The Abu Dhabi Tour held its pre-race press conference on Wednesday and such is the depth of talent in the field for the new WorldTour race, two banks of tables were needed to accommodate those considered the 14 'top riders'. As Mark Cavendish, sat dead central, put it: "You don’t even see this in Grand Tours anymore."
General classification favourites for this year’s Giro d’Italia and Tour de France are hardly in short supply, but Cavendish is part of an equally stellar sprint cast that includes Marcel Kittel, Andre Greipel, Caleb Ewan and Elia Viviani.
“This is probably the best sprinting field I’ve raced in since turning pro,” said Ewan, now in his third season as a professional.

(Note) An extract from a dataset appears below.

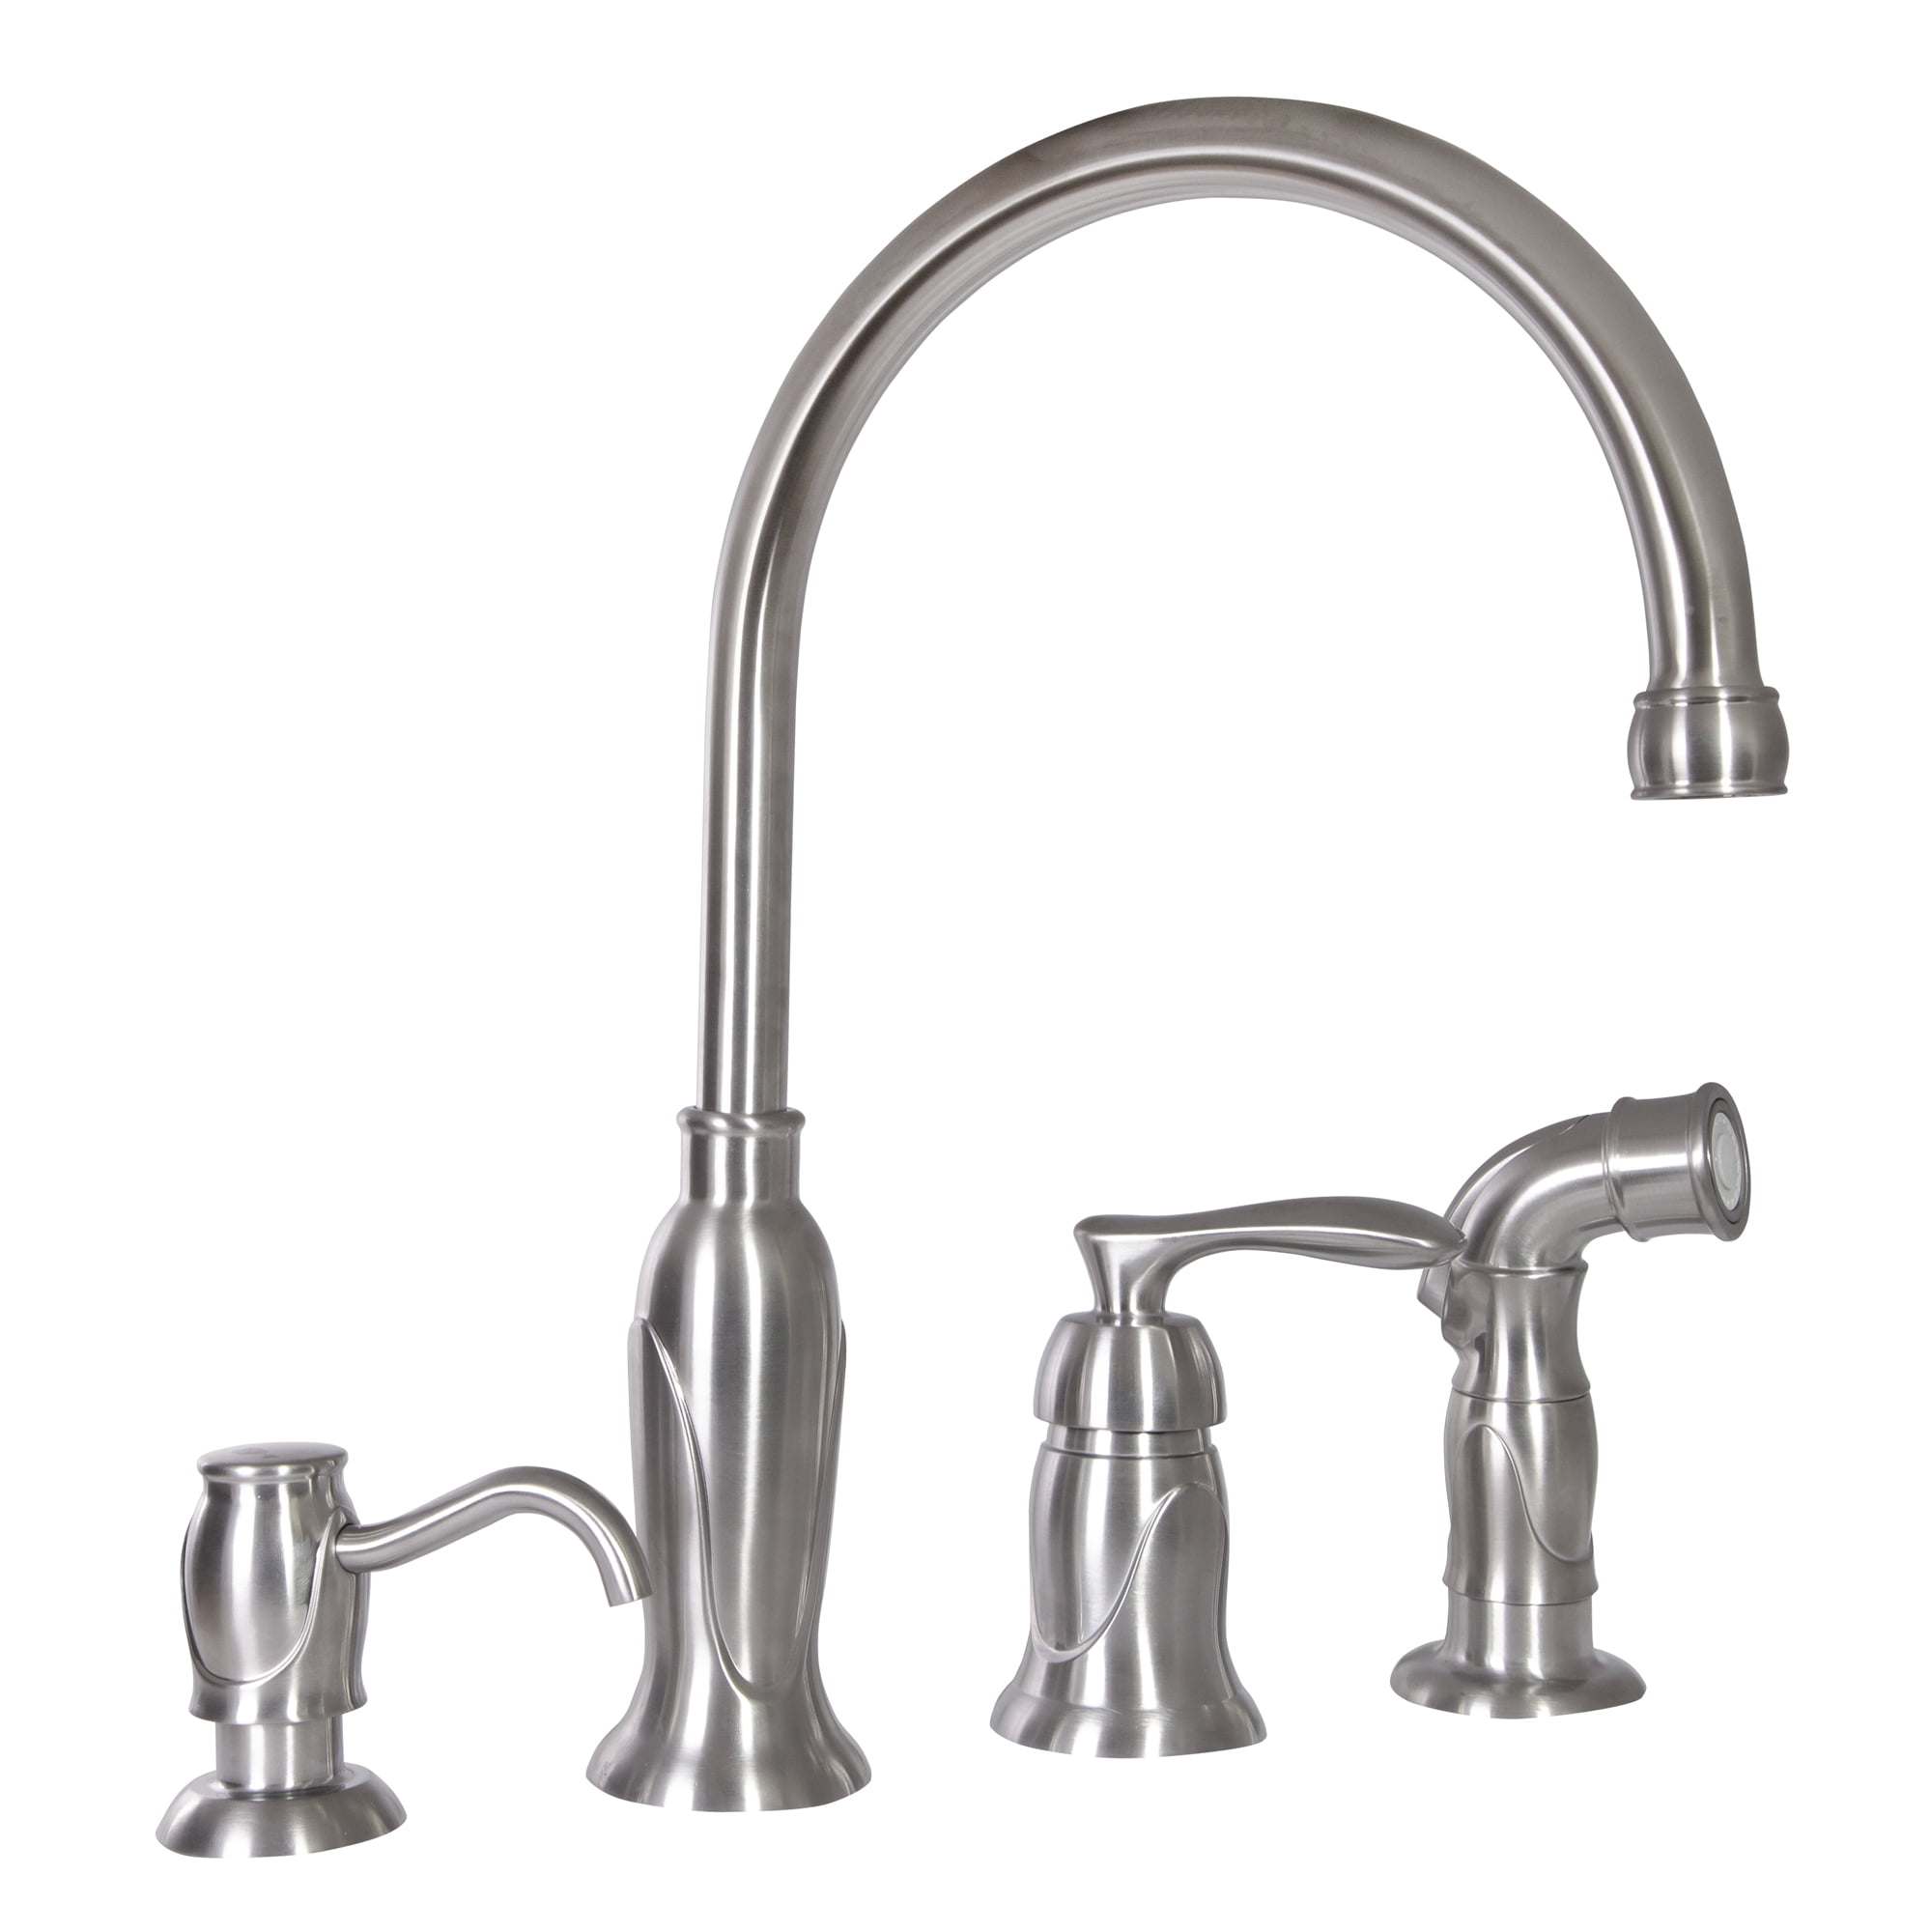 Details about   Peerless Xander Single Handle Pull-Down Kitchen Faucet in Stainless P7919LF-SS 
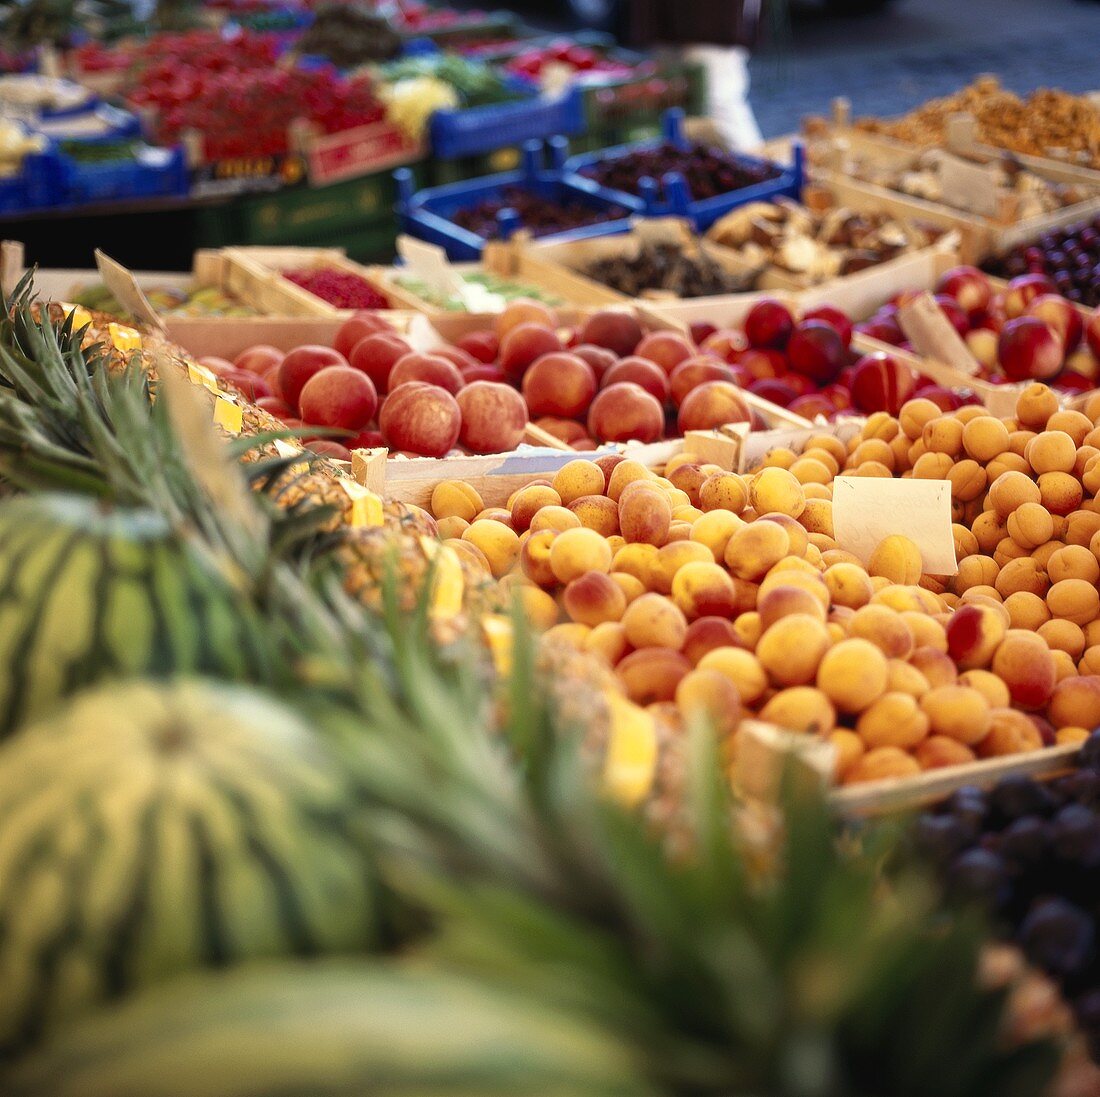 Fresh fruit, including apricots, at the market

Greipel added: “It’s never easy to win sprints, and when you have the sprinters that we have here it doesn’t make it any easier.”
Three of the four stages at the Abu Dhabi Tour are dedicated to the fast men. Thursday's opening stage takes place in the desert and is followed by a similarly flat course in the city the next day. The final stage will once again take place under the floodlights on the Formula 1 circuit, where Cavendish won last year and Viviani the year before.
And it’s those two riders who are perhaps most in need of a victory this week, as the sprint field is divided between those who are yet to win this season and those who’ve already got the ball rolling.
“I’ve already got four second places and I hope that doesn’t continue,” said a less-than-relaxed Viviani, who has come up against a Quick-Step shaped wall so far this season, losing out to Fernando Gaviria twice and Boonen once in San Juan before being beaten by Kittel at the Dubai Tour.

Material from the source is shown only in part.